The neuronal sortilin-related receptor SORL1 is genetically associated with Alzheimer disease

Ekaterina Rogaeva , Yan Meng , Joseph H Lee , Yongjun Gu , Toshitaka Kawarai , Fanggeng Zou , Taiichi Katayama , Clinton T Baldwin , Rong Cheng , Hiroshi Hasegawa , Fusheng Chen , Nobuto Shibata , Kathryn L Lunetta , Raphaelle Pardossi-Piquard , Christopher Bohm , Yosuke Wakutani , L Adrienne Cupples , Karen T Cuenco , Robert C Green , Lorenzo Pinessi , Innocenzo Rainero , Sandro Sorbi , Amalia Bruni , Ranjan Duara , Robert P Friedland , Rivka Inzelberg , Wolfgang Hampe , Hideaki Bujo , You-Qiang Song , Olav M Andersen , Thomas E Willnow , Neill Graff-Radford , Ronald C Petersen , Dennis Dickson , Sandy D Der , Paul E Fraser , Gerold Schmitt-Ulms , Steven Younkin , Richard Mayeux , Lindsay A Farrer & Peter St George-Hyslop

The recycling of the amyloid precursor protein (APP) from the cell surface via the endocytic pathways plays a key role in the generation of amyloid β peptide (Aβ) in Alzheimer disease.
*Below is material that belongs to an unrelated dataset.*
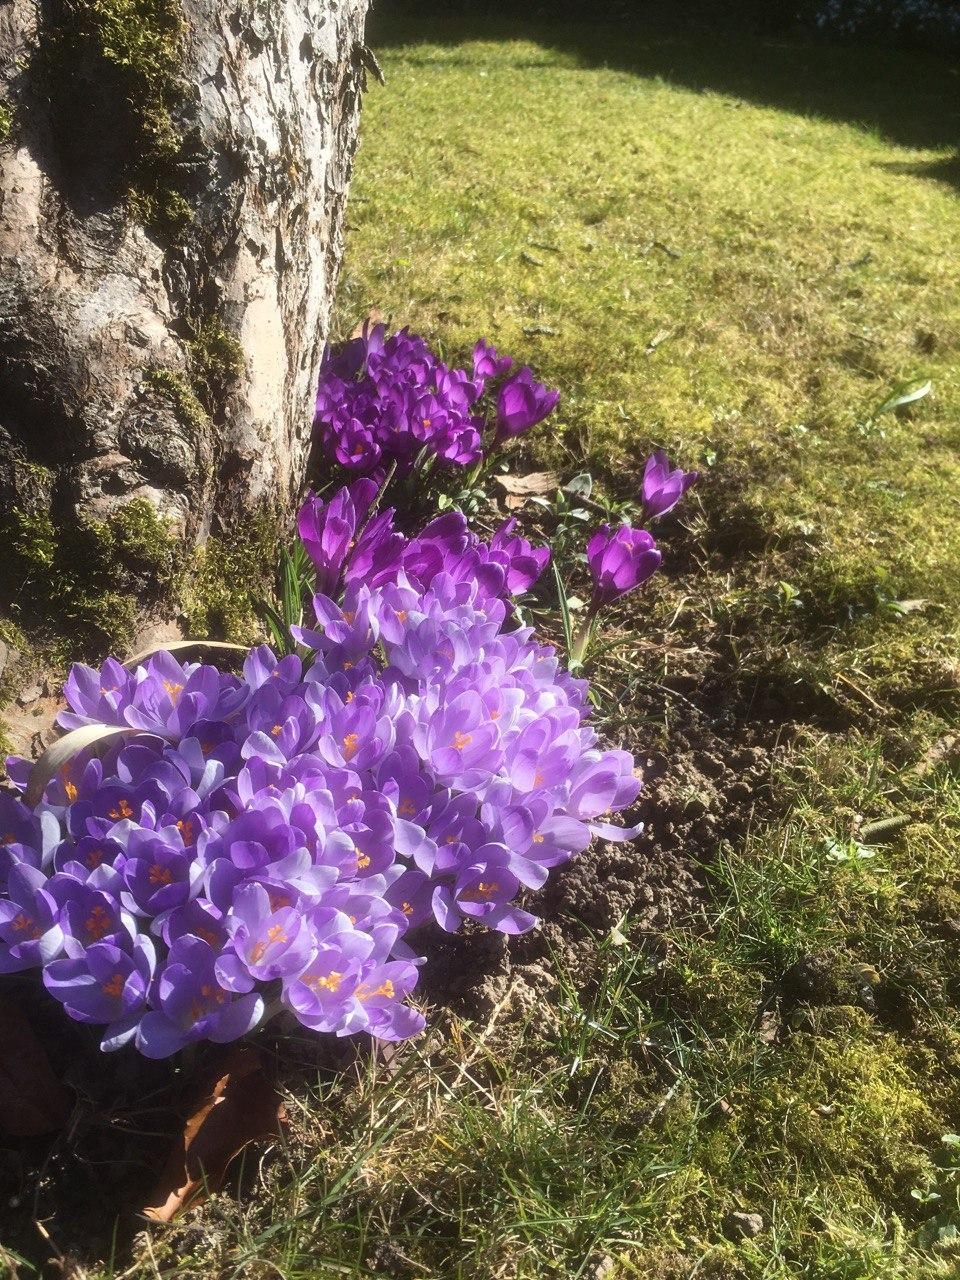 Im Garten ist schon der #Frühling eingezogen.

#Frühlingsblumen #Springmood #garten #frühlingsgarten #blumen #spring

We report here that inherited variants in the SORL1 neuronal sorting receptor are associated with late-onset Alzheimer disease. These variants, which occur in at least two different clusters of intronic sequences within the SORL1 gene (also known as LR11 or SORLA) may regulate tissue-specific expression of SORL1. We also show that SORL1 directs trafficking of APP into recycling pathways and that when SORL1 is underexpressed, APP is sorted into Aβ-generating compartments. These data suggest that inherited or acquired changes in SORL1 expression or function are mechanistically involved in causing Alzheimer disease.